В цехе пахнет подгоревшим маслом и мылом. По обе стороны вдоль длинного прохода наискось стоят стайки. И возле каждого небольшая тумбочка, на которой уложены пирамидкой детали.

Муська подводит меня к своему станку.

— Вот здесь я и работаю… Мое рабочее место.

— Муська, пошли на спевку, — зовут из другого конца цеха.

— Сейчас, девочки! Ко мне Вася пришел! — и незаметно подталкивает меня, шепчет торопливо: — Распрямись, распрямись. Стой поровнее, жердочкой! На тебя смотрят.

Действительно, окликнувшие Муську с откровенным любопытством рассматривают меня. Так в деревне рассматривают любого новичка, появившегося на улице.

— А что за спевка у вас? — спрашиваю я, отвернувшись от рассматривающих.

— Художественная самодеятельность. В госпитале будем выступать. Ой, Васька! Какой ты, честное слово, молодчина! Начал работать. Дай я тебя поцелую! Или подергаю за уши!

После обеденного перерыва до конца смены время проносится так быстро, что я удивленно поднимаю голову, услышав звонок.

— Пошли, — зовет меня Борька, вытирая ветошью руки.

— А они? — киваю я на продолжающих работать соседей, которые вроде бы и не слышали звонка.

— Они остаются. Мы — малолетки, нам можно идти.

Борька пошел умываться, а я как есть, измазанный, бегу домой. Мне очень весело и хочется, чтобы кто-то узнал, что я иду с работы, чтобы обязательно заметил, поэтому я и не умываюсь.

Иду и нетерпеливо посматриваю по сторонам. Но никого знакомых нет. Я специально прогуливаюсь мимо Юркиного дома. И там никого. Взрослые еще не вернулись с работы, а пацаны, наверное, отправились купаться. Как на грех, никого!..

В квартире у нас тоже никого нет. Пусто и тихо. Я наскоро умываюсь. Вода сегодня не идет, на такой случай в ванной всегда стоят два наполненных ведра. Свет здесь не горит, с целью экономии вывернута лампочка, на ощупь нахожу ведра, вожусь в темноте. Умываюсь и с горечью думаю, что наши вернутся не скоро, часа через три-четыре, не раньше. И тогда я решаю сходить к Юрке. Он еще на работе, это недалеко.

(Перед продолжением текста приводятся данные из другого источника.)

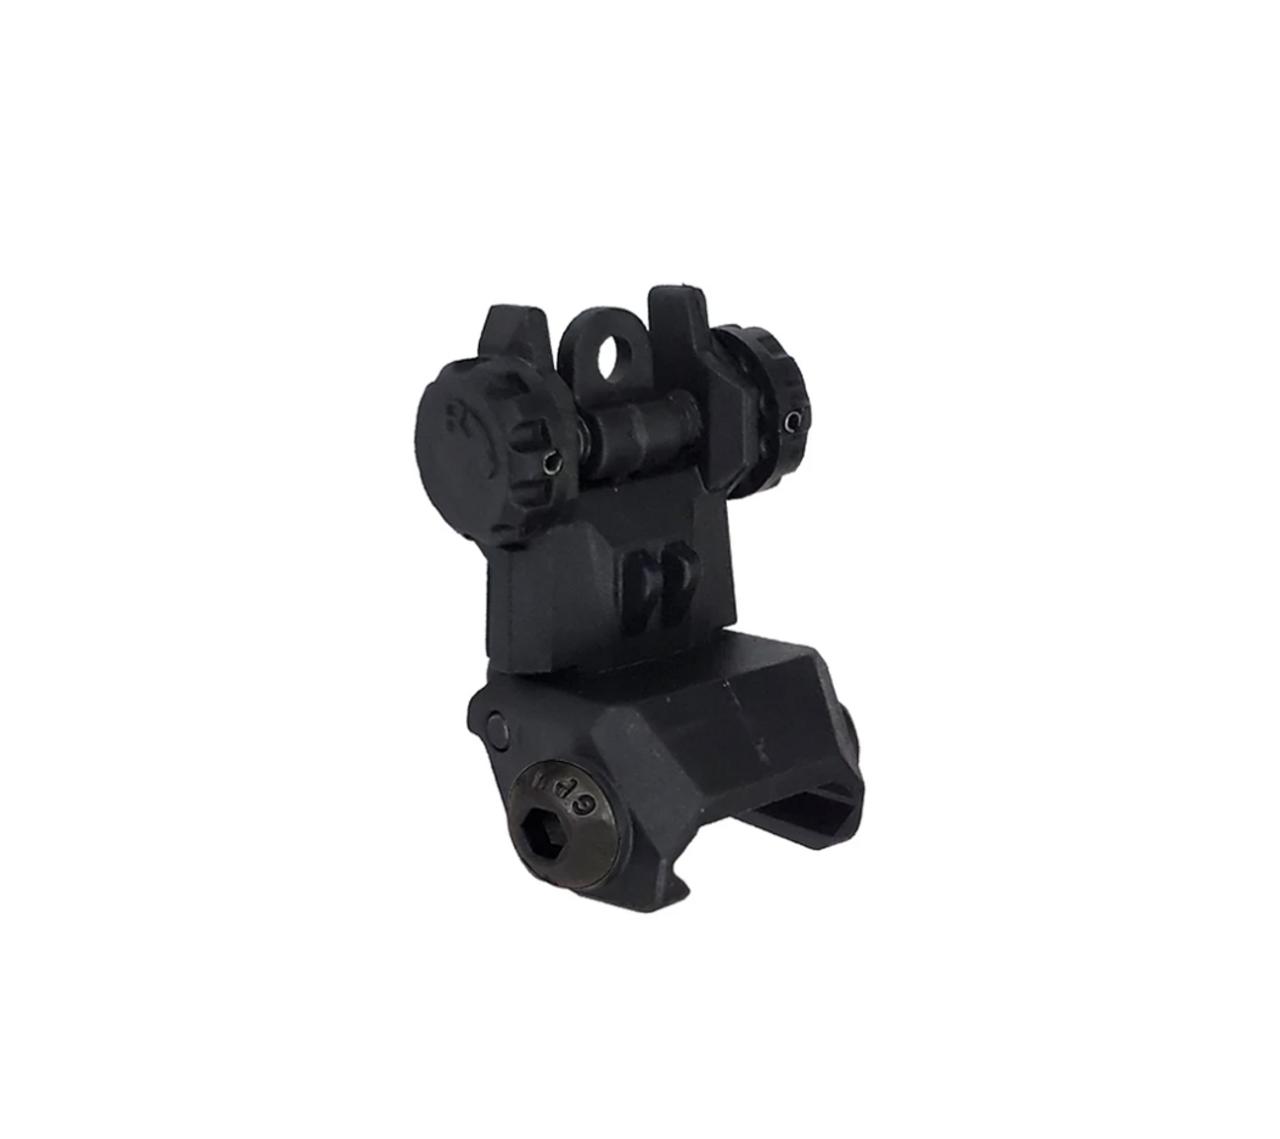 Polymer Rear Flip-up Sight XTS-FRS

Я весело бегу по Суворовскому, приостанавливаясь возле газетных стендов. Во всех газетах карикатура Кукрыниксов, маленький хилый человечек (гад!) с треугольной челочкой, спадающей на глаза, с черными усиками. Но кто-то уже везде выцарапал эту рожу.

Фотоларек, где халтурит Юрка, расположен на углу, в Греческом садике. Это зеленый маленький сарайчик. За ним установлен фанерный щит, на котором изображены горы, голубое озеро, по озеру плывут два белых лебедя. А по берегу на белом аргамаке скачет тонконогий джигит в черкеске с газырями, в спадающей с плеч бурке и черной лохматой папахе. Аргамак грызет удила, бешено выпучив красное яблоко-глаз, сечет копытами искры, джигит, подбоченясь, вскинул прямые плечи. А на месте лица у него — дыра. Возле ларька стоят двое в солдатских гимнастерках. Один низенький, чернявый, весь заросший вьющимися смолистыми волосами, даже глаз не видно. Другой с костылем, краснолицый, голубоглазый, нос клецкой. И по всему лицу мелкие фиолетовые точки, порошинки понатыканы.

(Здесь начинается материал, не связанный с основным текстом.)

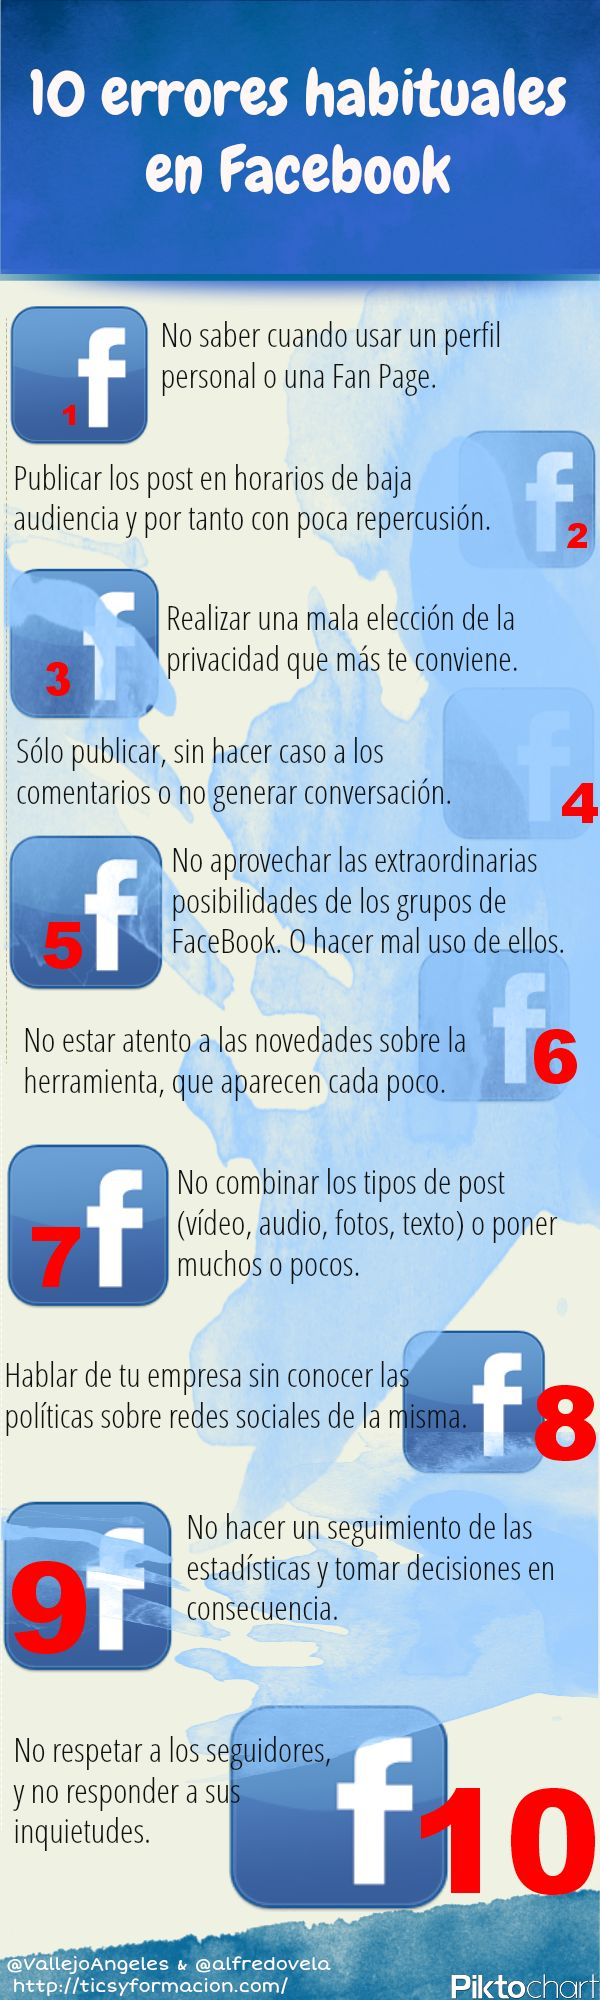 10 errores habituales en FaceBook #infografia #infographic #socialmedia

Из ларька выходит фотограф, возится с аппаратом, у которого, как у инвалида, висит пустой черный рукав. Приглашает солдат:

— Прошу. — И поворачивается ко мне: — Что скажешь, милейший?

— Юра здесь?

— Подожди минутку.

Солдаты заходят за щит, по очереди выглядывают в дырку.

И только сейчас я замечаю, что возле ларька на скамейке, положив одну руку на трость, сидит высокий величавый старик. Сухой, светлый и какой-то весь хрупкий на вид, будто фарфоровый. Все на нем старенькое — брюки, рубашка, выношенное, ставшее тонким, как папиросная бумага, но идеально чистое, отутюженное. Стрелки на брюках ровные и острые, как лезвие шашки. Ботинки сверкают, будто их только что протерли сырой тряпочкой, установлены по одной линии, носок к носку.

Но меня поражает его лицо. Оно не просто грустное, а какое-то болезненно-печальное. И даже это неточно — в нем досада, обида и еще что-то.

Солдаты садятся рядом со стариком. Краснолицый достает кисет, «катюшу», с двух ударов разжигает трут, прикуривает. Почтительно стучит в стенку ларька ногтем-копытцем.

— Уважаемый!.. Выгляни, а?

— Рано, рано еще!

— Да я не тороплюсь. Нам бы кружечку, — заискивающе просит он. — Может, присоединишься?

— Нет, спасибо.

— Брезгуешь? Мы тоже не пьяницы. А сегодня можно. Можем выпить. Как, Ахмед, можно?